The receiver operating characteristic (ROC) curves illustrating the ability of the knowledge bank (KB) algorithm to predict 3-year overall survival rates in the a whole AML patient cohort, b younger adults with AML and c older adults with AML. The ROC curves illustrating the ability of the KB algorithm to predict additional outcome endpoints. d non-remission death, e relapse death and f death in first complete remission. The ROC curves illustrating the abilities of the KB algorithm (blue line), 2017 European LeukemiaNet (ELN) genetic-risk classification (gray line) and 2010 ELN genetic-risk classification (magenta line) to predict 3-year overall survival rates in the g whole cohort of patients with AML and h patients who did not die early. i The ROC curves showing the abilities of the KB algorithm (blue line) and the 17-gene stemness score (magenta line) to predict 3-year overall survival rates in 863 patients with RNA expression data available

Concerning other outcome endpoints, the KB algorithm was excellent for prediction of non-remission death (i.e., death within 3 years after diagnosis without CR1 achievement) with an AUCKB = 0.860 (95% CI 0.838–0.882). For relapse death (i.e., death of patients achieving CR1 who relapsed and died within first 3 years), the predictive ability of the KB approach was worse (AUCKB = 0.695, 95% CI 0.662–0.727). It was even worse for prediction of death in CR1, with a poor AUCKB of 0.603 (95% CI 0.537–0.670; Fig. 1d–f).

Next, we compared the predictive values of the KB approach and of two well-established genetic-risk classifications, the 2010 [1, 5, 6] and 2017 ELN [2, 7, 8] classifications. Among all patients, the KB approach had the highest predictive value with AUCKB = 0.799 (95% CI 0.777–0.821), followed by the 2010 ELN classification (AUC2010ELN = 0.721, 95% CI 0.696–0.746) and the 2017 ELN classification (AUC2017ELN = 0.707, 95% CI 0.682–0.732; Fig. 1g). Compared directly, the KB approach was significantly better than both the 2017 (p < 0.001) and 2010 (p < 0.001) ELN classifications.

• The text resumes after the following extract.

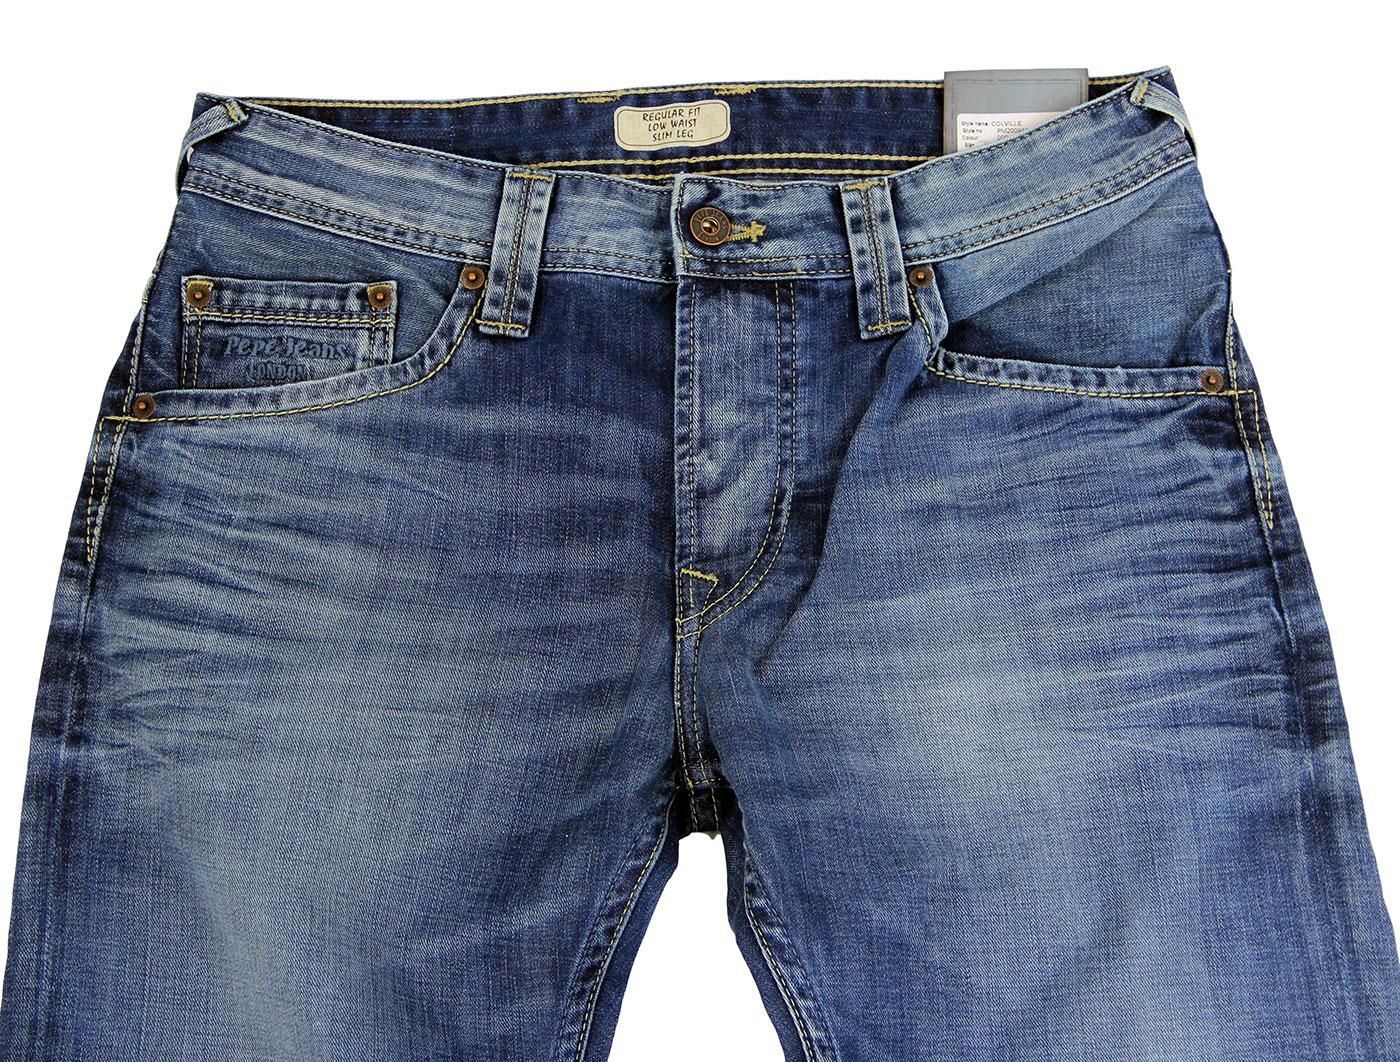 PEPE JEANS Colville Retro Indie Vintage Wash Slim Tapered Jeans

When we performed the aforementioned comparisons after excluding early death patients, the KB approach still outperformed both the 2010 and 2017 ELN classifications, but the differences among classifications were smaller than in the entire patient cohort (Fig. 1h; Additional file 1).

We also compared the predictive value of the KB approach [3] with another AML risk classification, the 17-gene stemness score [9, 10], which is calculated as the weighted sum of the normalized expression values of 17 genes whose expression differs between leukemia stem cells and leukemic bulk blasts [9]. Among our 863 patients with RNA expression data available, the predictive values of the KB approach (AUCKB = 0.764, 95% CI 0.733–0.800) and of the 17-gene stemness score (AUC17-gene = 0.732, 95% CI 0.700–0.765) did not differ significantly (p = 0.10; Fig. 1i).

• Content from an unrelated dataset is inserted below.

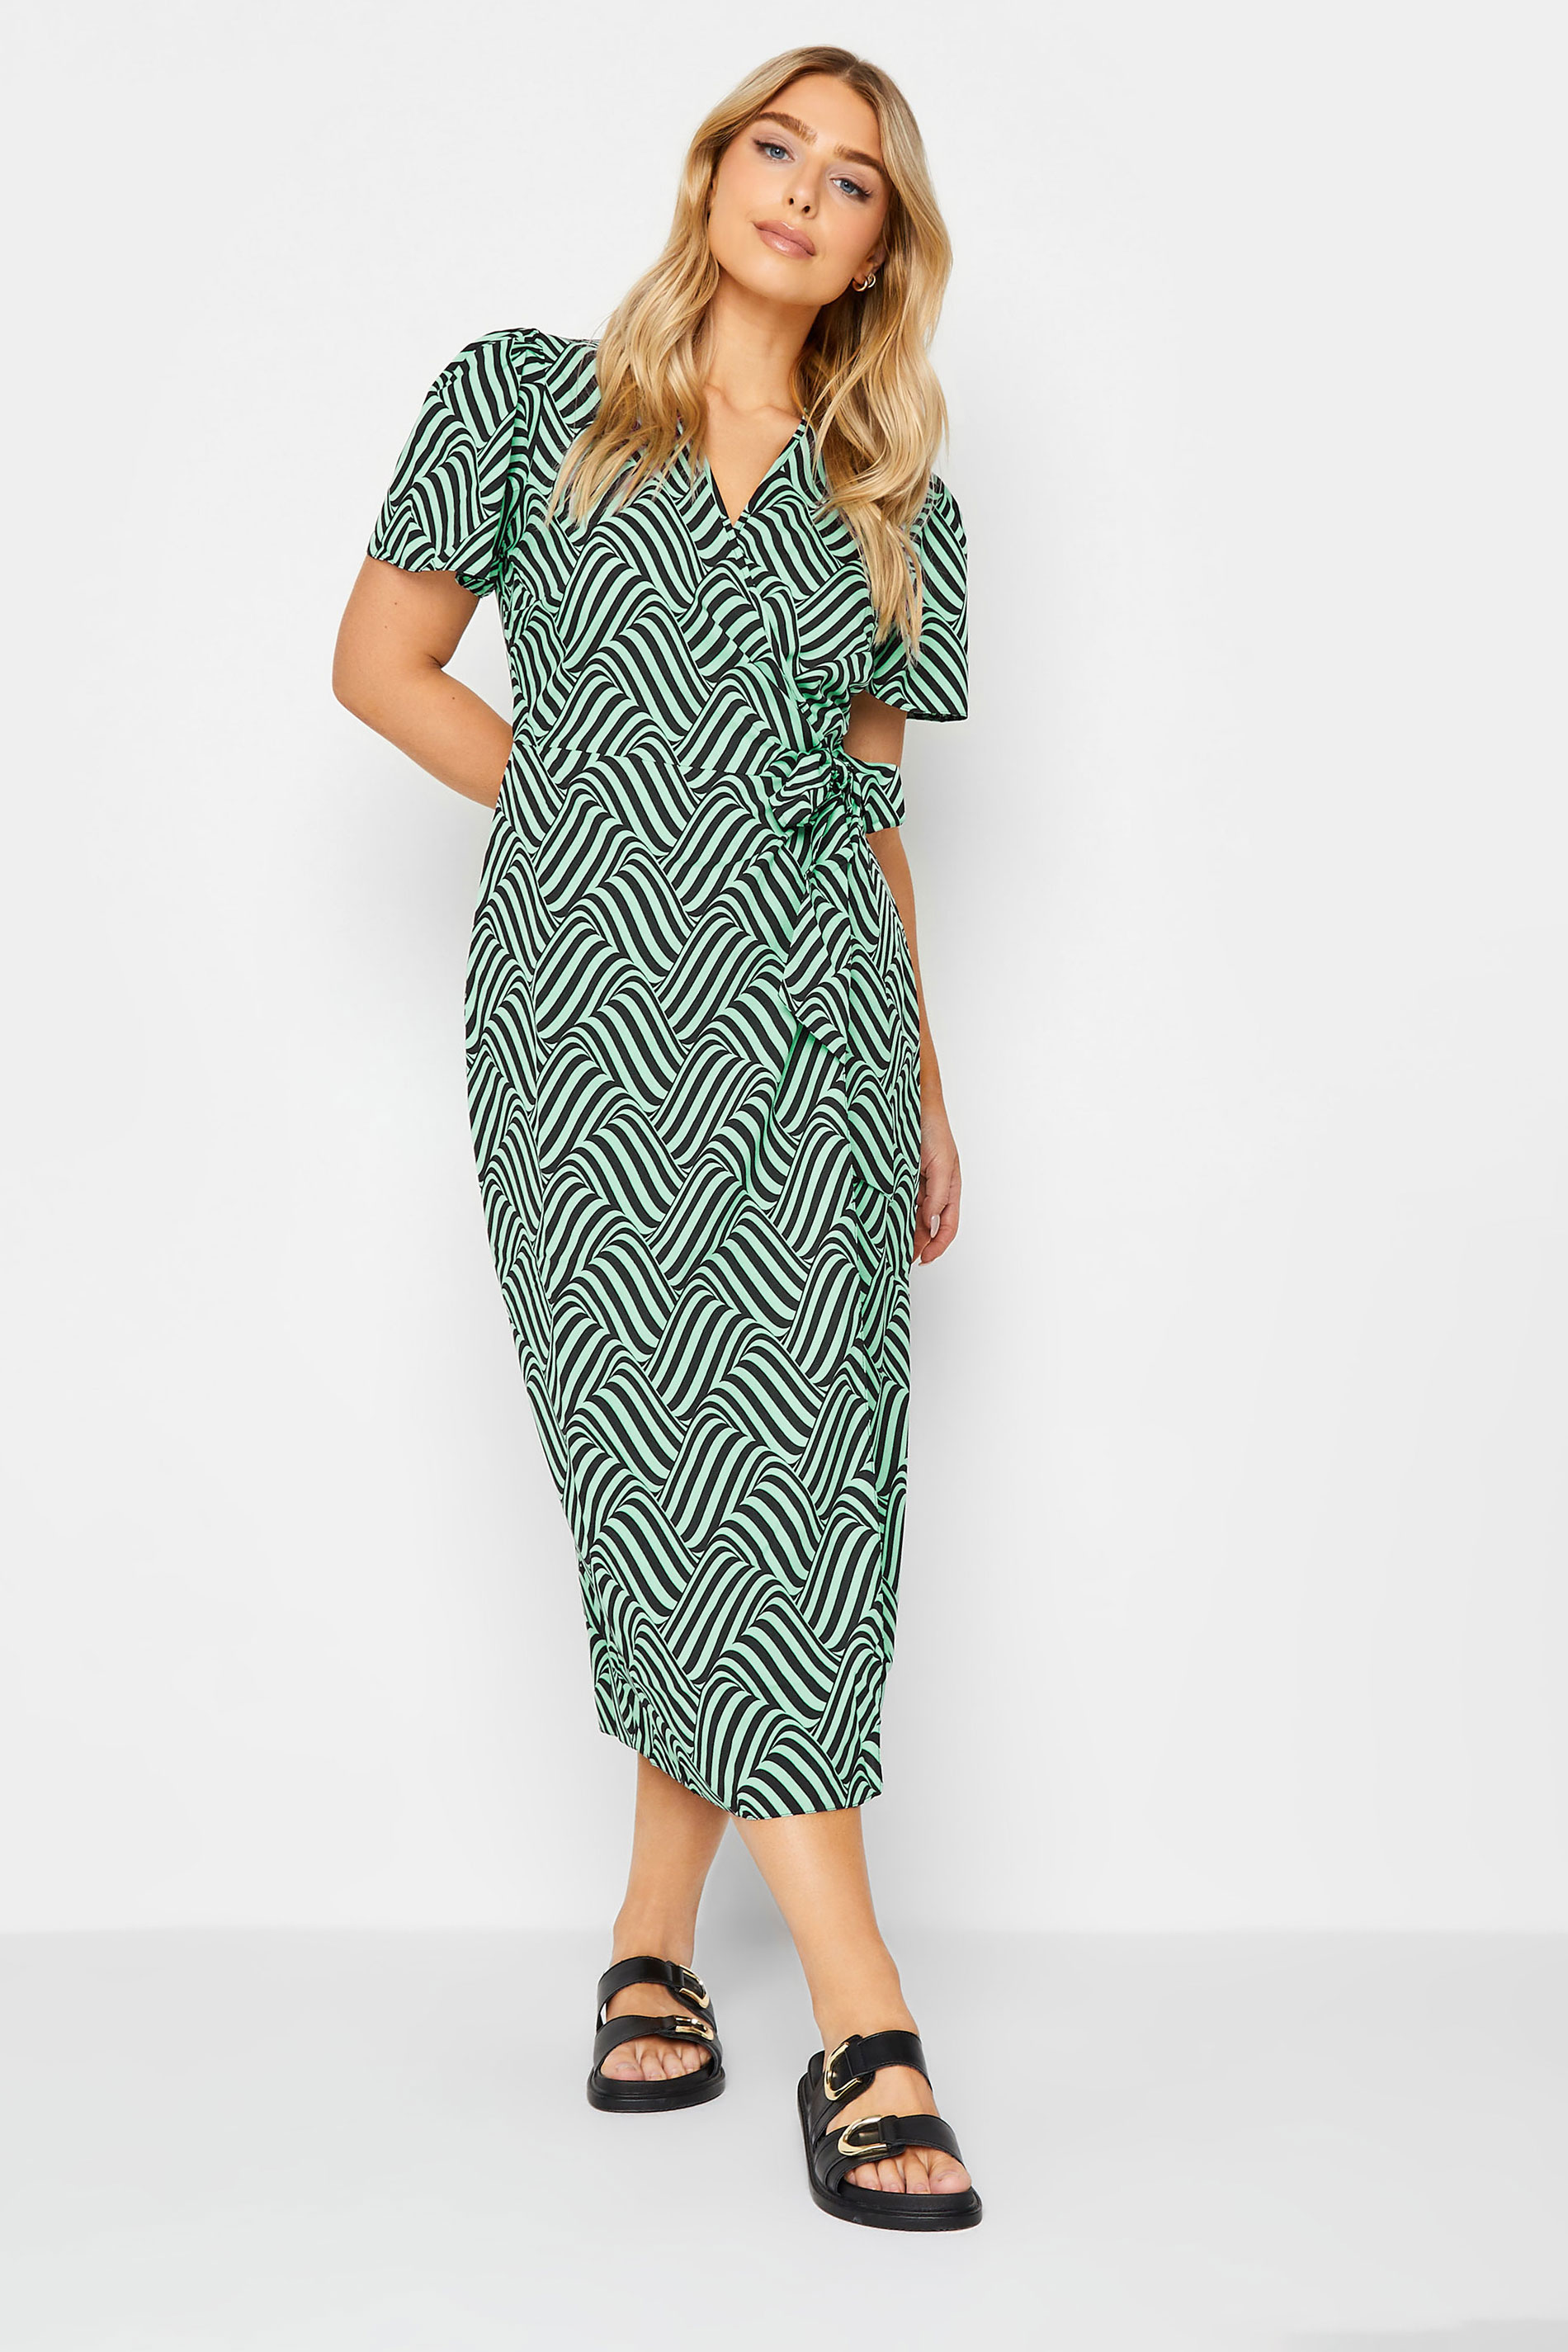 M&Co Green Abstract Stripe Wrap Dress | M&Co 1

To determine whether genetic alterations not included in the KB algorithm might improve its performance, we compared the frequencies of 44 gene mutations and eight cytogenetic categories (listed in Additional file 1) between patients alive 3 years after diagnosis who were correctly predicted alive and patients falsely predicted to be dead. Three molecular and two cytogenetic markers were significantly different between the patient groups (Table 1).

Table 1 Predicted and observed frequencies of additional genetic markers in AML patients alive and those who were dead 3 years after diagnosis

To cross-validate these findings, we compared these markers’ frequencies between patients who died within first 3 years and were correctly predicted as dead and those falsely predicted to be alive. The frequencies of SAMHD1 mutations and atypical complex karyotype (i.e., without 5q, 7q and 17p abnormalities) [11] were significantly different in both comparisons. Frequencies of AXL and NOTCH1 mutations and of infrequent recurrent balanced chromosome rearrangements [12] were significantly different among patients alive and tended to be different among patients who died (Table 1).

Summarizing, we show that the KB algorithm has a high predictive value, higher than the 2017 and 2010 ELN classifications, and identify additional genetic factors that might improve it.